* Data shown *
┌──

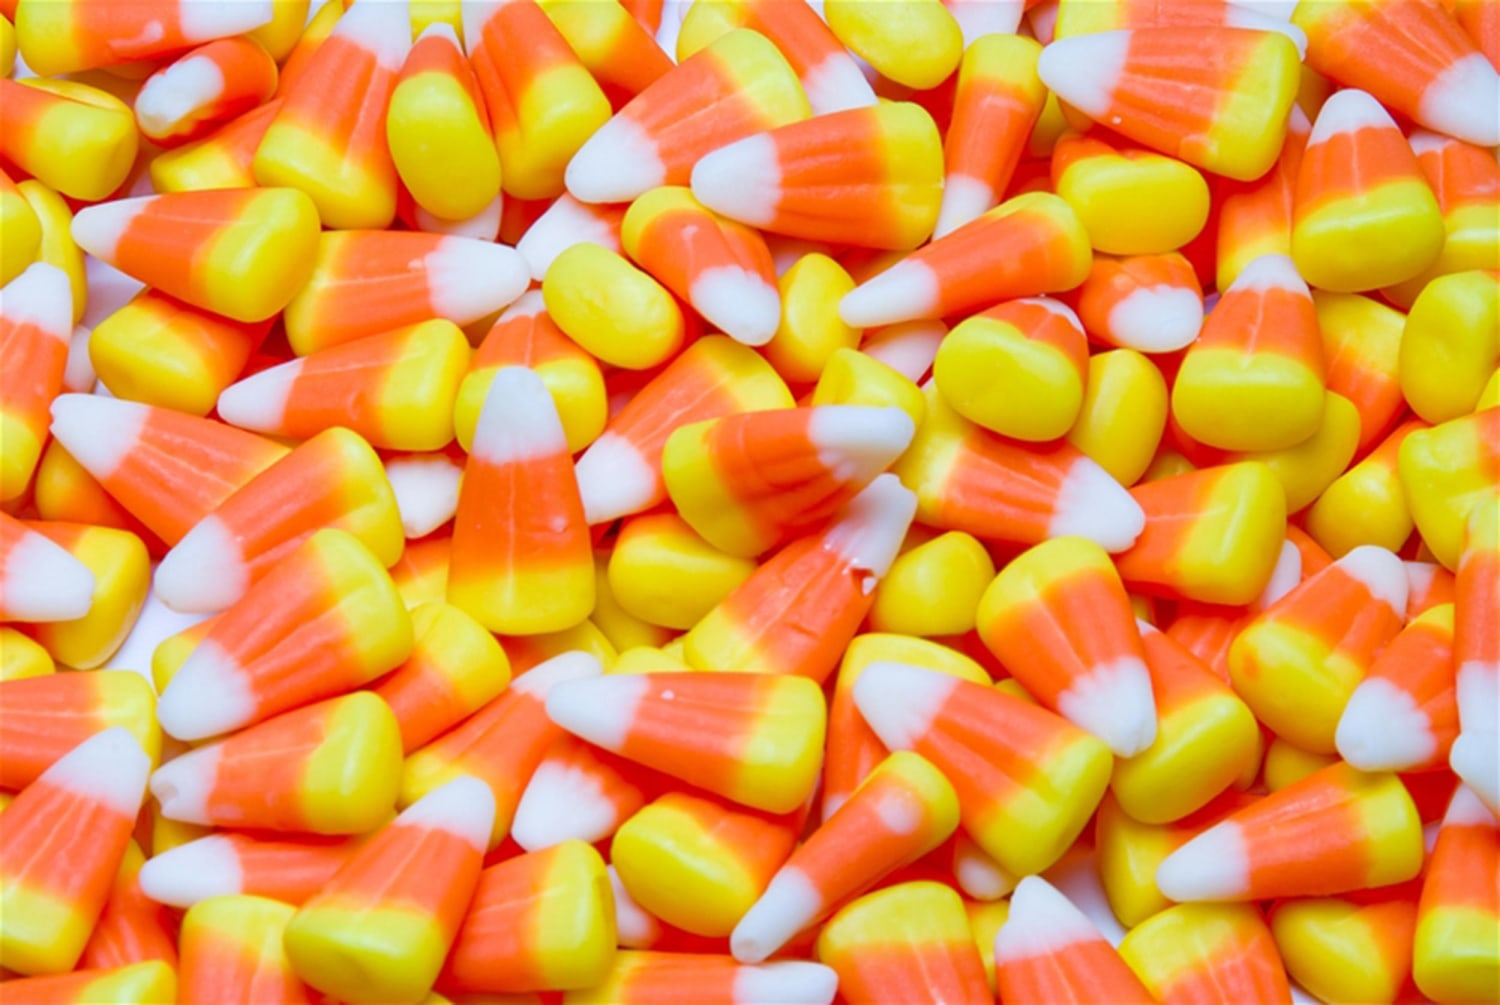 Healthier Candy Options for Halloween - Fed & Fit
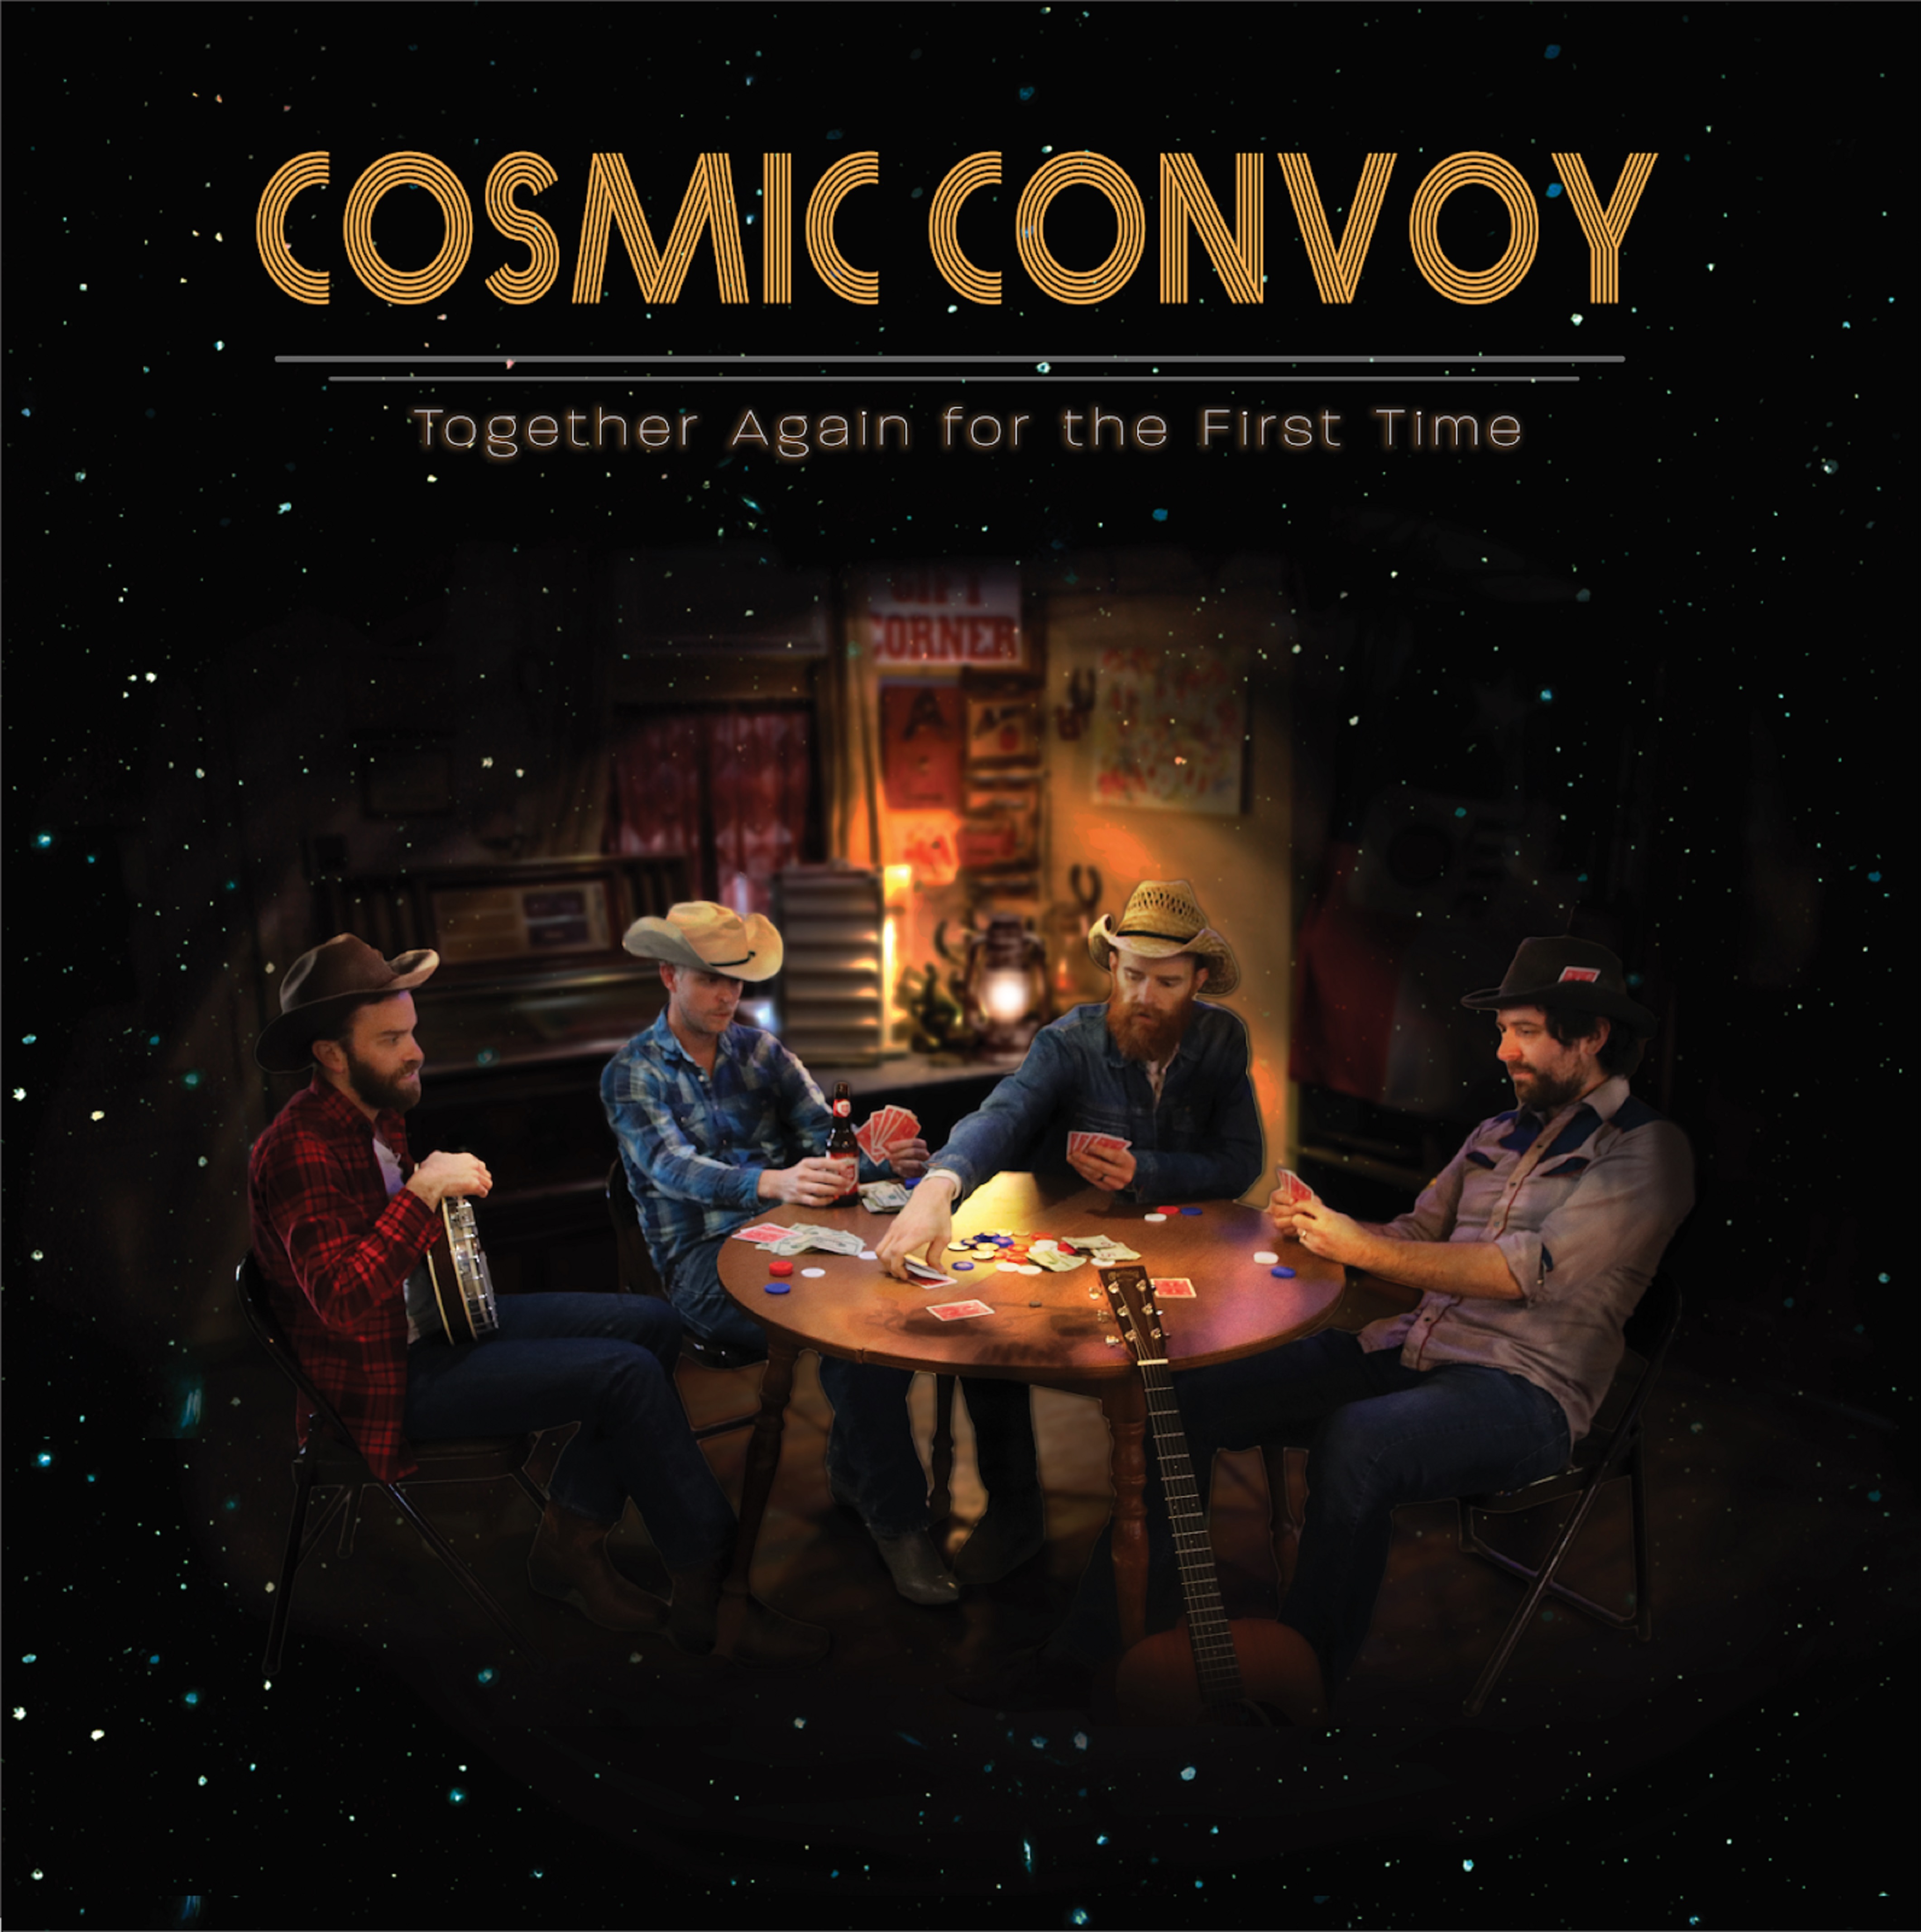 COSMIC CONVOY Together Again for the First Time
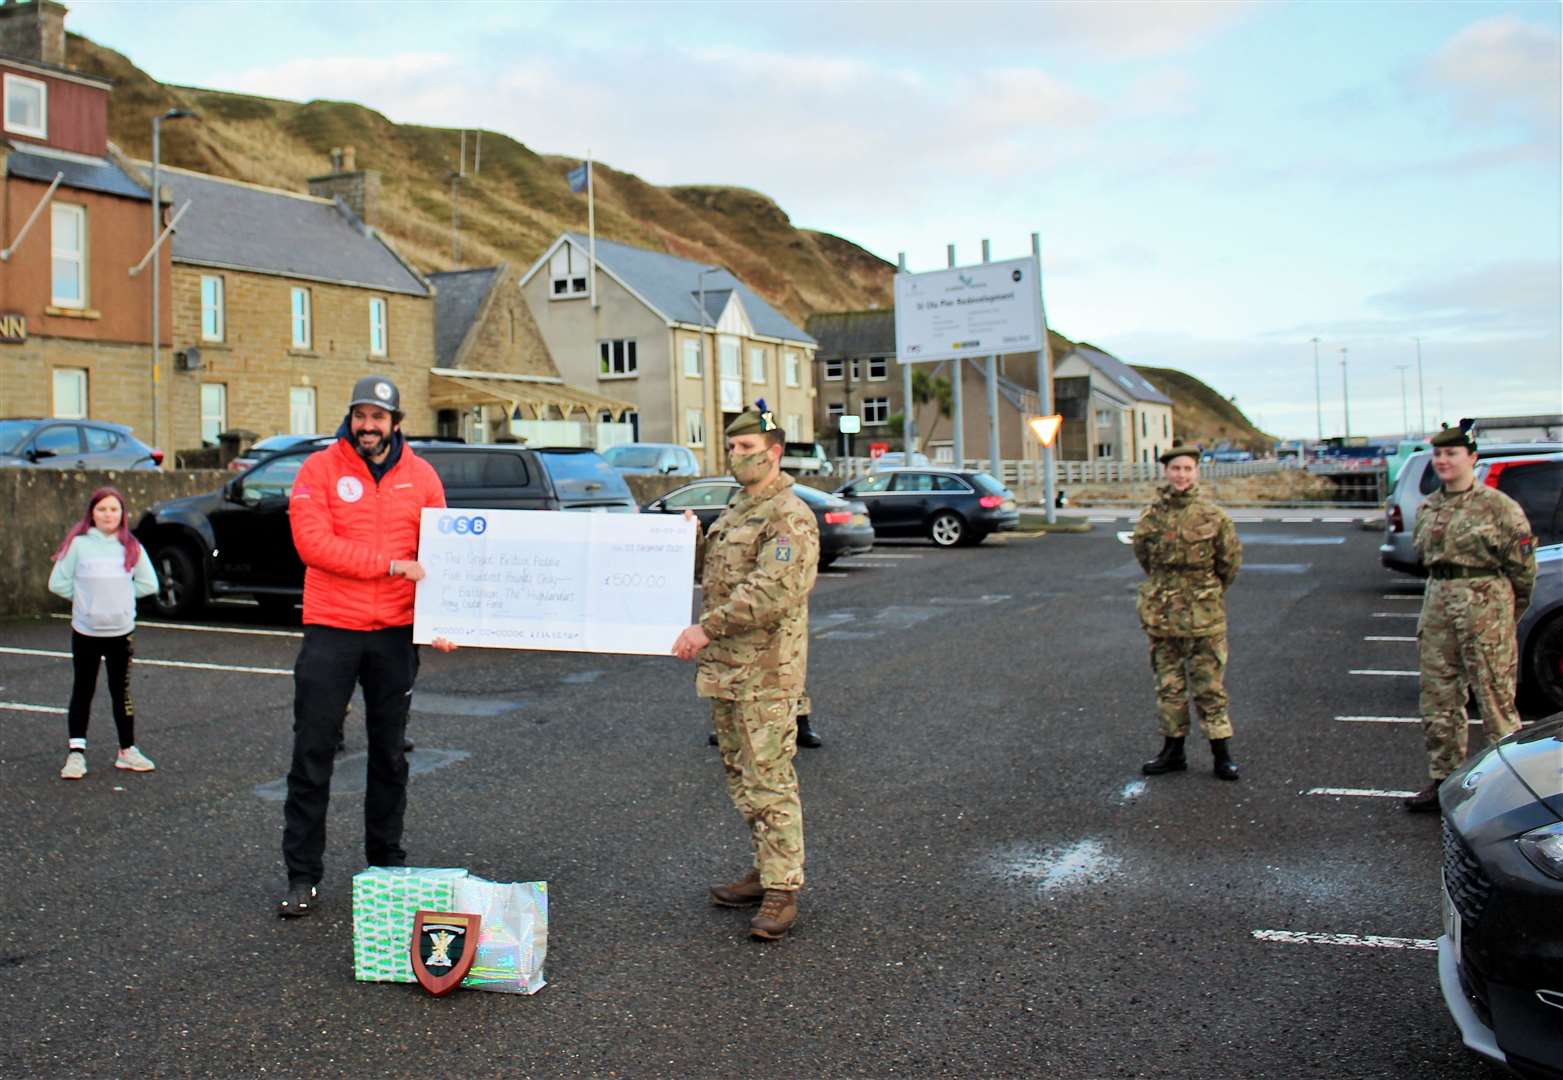 Sergeant Major Instructor Stuart Taggart (right) presenting Jordan with a £500 donation and a Caithness care package, alongside cadets who attended to lend support.

└──

* What you will do *
Word for word, repeat the data above with the pictures left out.

* The answer *
 Healthier Candy Options for Halloween - Fed & Fit
 COSMIC CONVOY Together Again for the First Time
 Sergeant Major Instructor Stuart Taggart (right) presenting Jordan with a £500 donation and a Caithness care package, alongside cadets who attended to lend support.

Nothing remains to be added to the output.